When the Invisible Man runs from Ras, he runs from all of the false and domineering models of history he has encountered. Significantly, he is aided in his escape by Tarp's leg chain, the symbol of broken history. But he initially attempts to escape by fleeing back along the path of his own history to Mary Rambo's motherly care. The Invisible Man never considers that this step backward is no more productive than Ras's attempt to turn back time, although he does repeatedly notice he is moving in the wrong direction (561, 564). This regressive journey is physically thwarted, but psychically assisted, when he becomes trapped in a coal cellar. He calls his confinement there "a kind of death without hanging ... a death alive" (566-67), yet it also facilitates a birth in reverse. Lying in the dark tunnel, the Invisible Man decides "I would go now to Mary's in the only way that I could" and dreams that he moves "off over the black water, floating, sighing ... sleeping invisibly" (567). Thoughts of Mary turn his trip through these imagined, subterranean waters into a return to the womb as well as a voyage to the underworld.
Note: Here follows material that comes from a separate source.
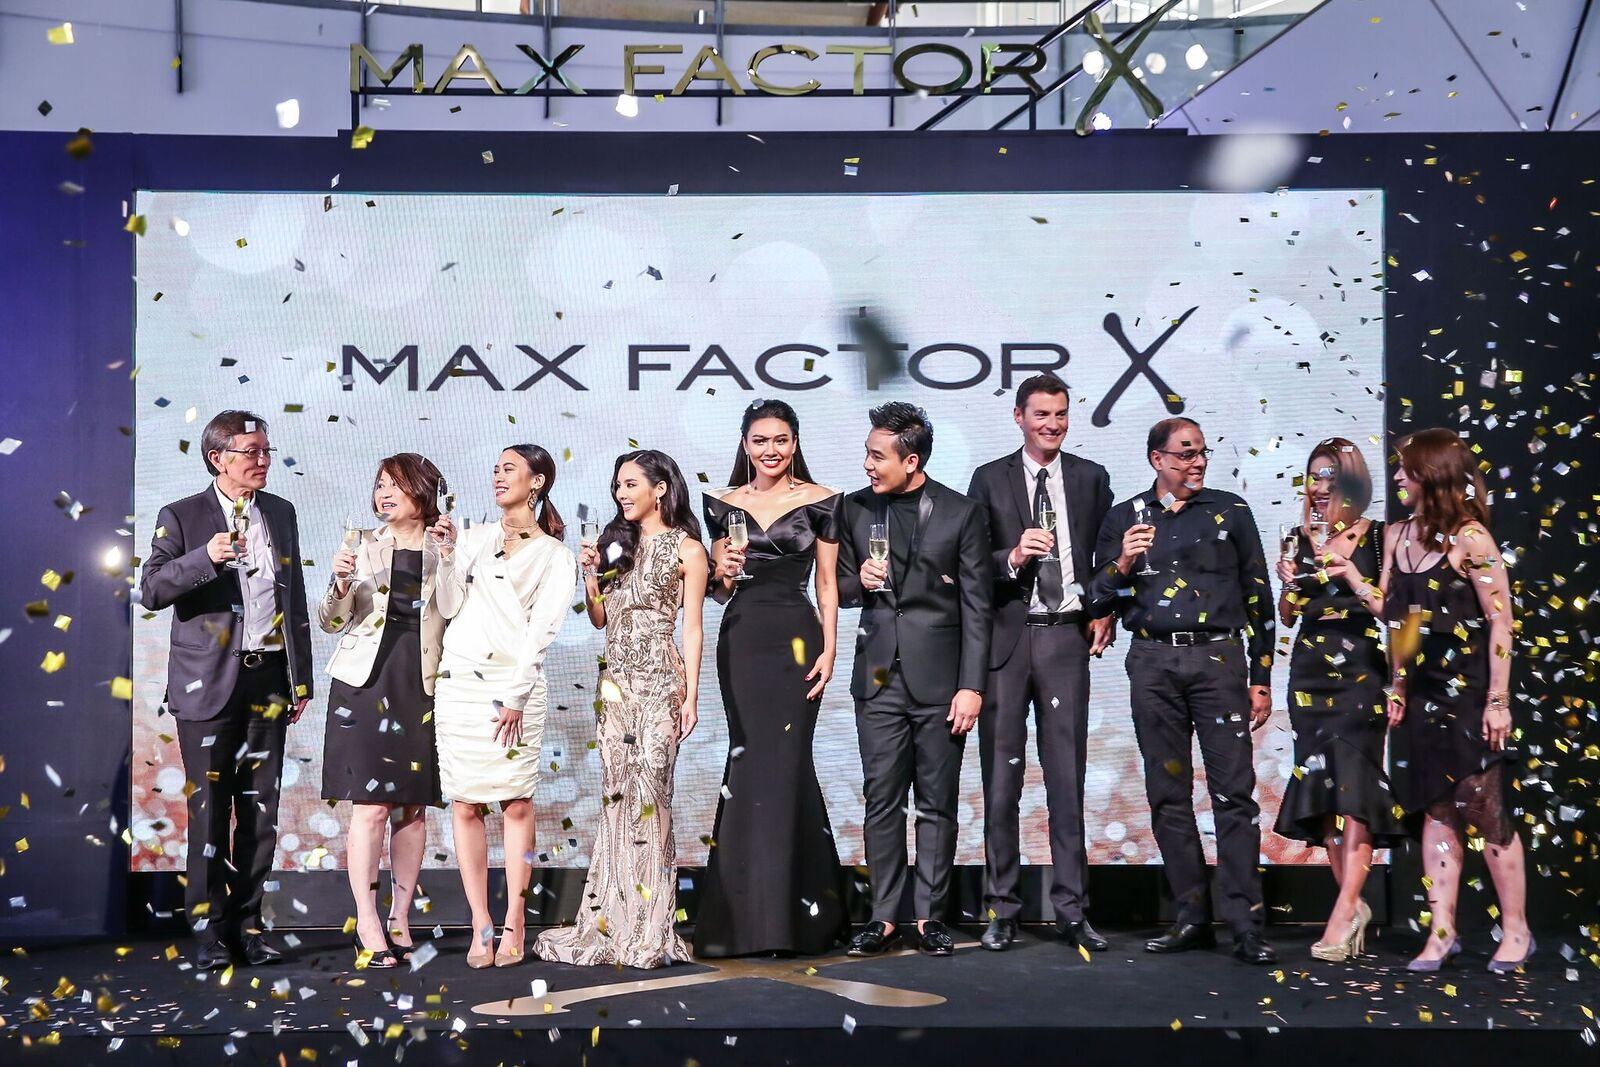 จากอเมริกาแลนดิ้งสู่เมืองไทย Max Factor คอสเมติกแบรนด์จากแอลเอ เตรียมพาสาวไทยเจิดจรัสสู่ความงามฉบับฮอลลีวูด 13 -

This trip, however, also delivers the Invisible Man outside of time. Just as the novel's first half is punctuated by a ritual of death and rebirth at Liberty Paints, so does its second half end with a symbolic rebirth that apparently frees him from linear chronology. After awakening underground, the Invisible Man says, "Great invisible waves of time flowed over me" (567), yet because he has no way to measure them, their scale is impossible to determine. And although it is the underground setting that initially dislocates him from time, he performs the final dislocation himself by burning the contents of his briefcase and pockets: all the papers, diplomas, and dancing Sambo dolls that others have used to circumscribe his identity. Afterward the Invisible Man stumbles for what he says "might have been days, weeks; I lost all sense of time" (568).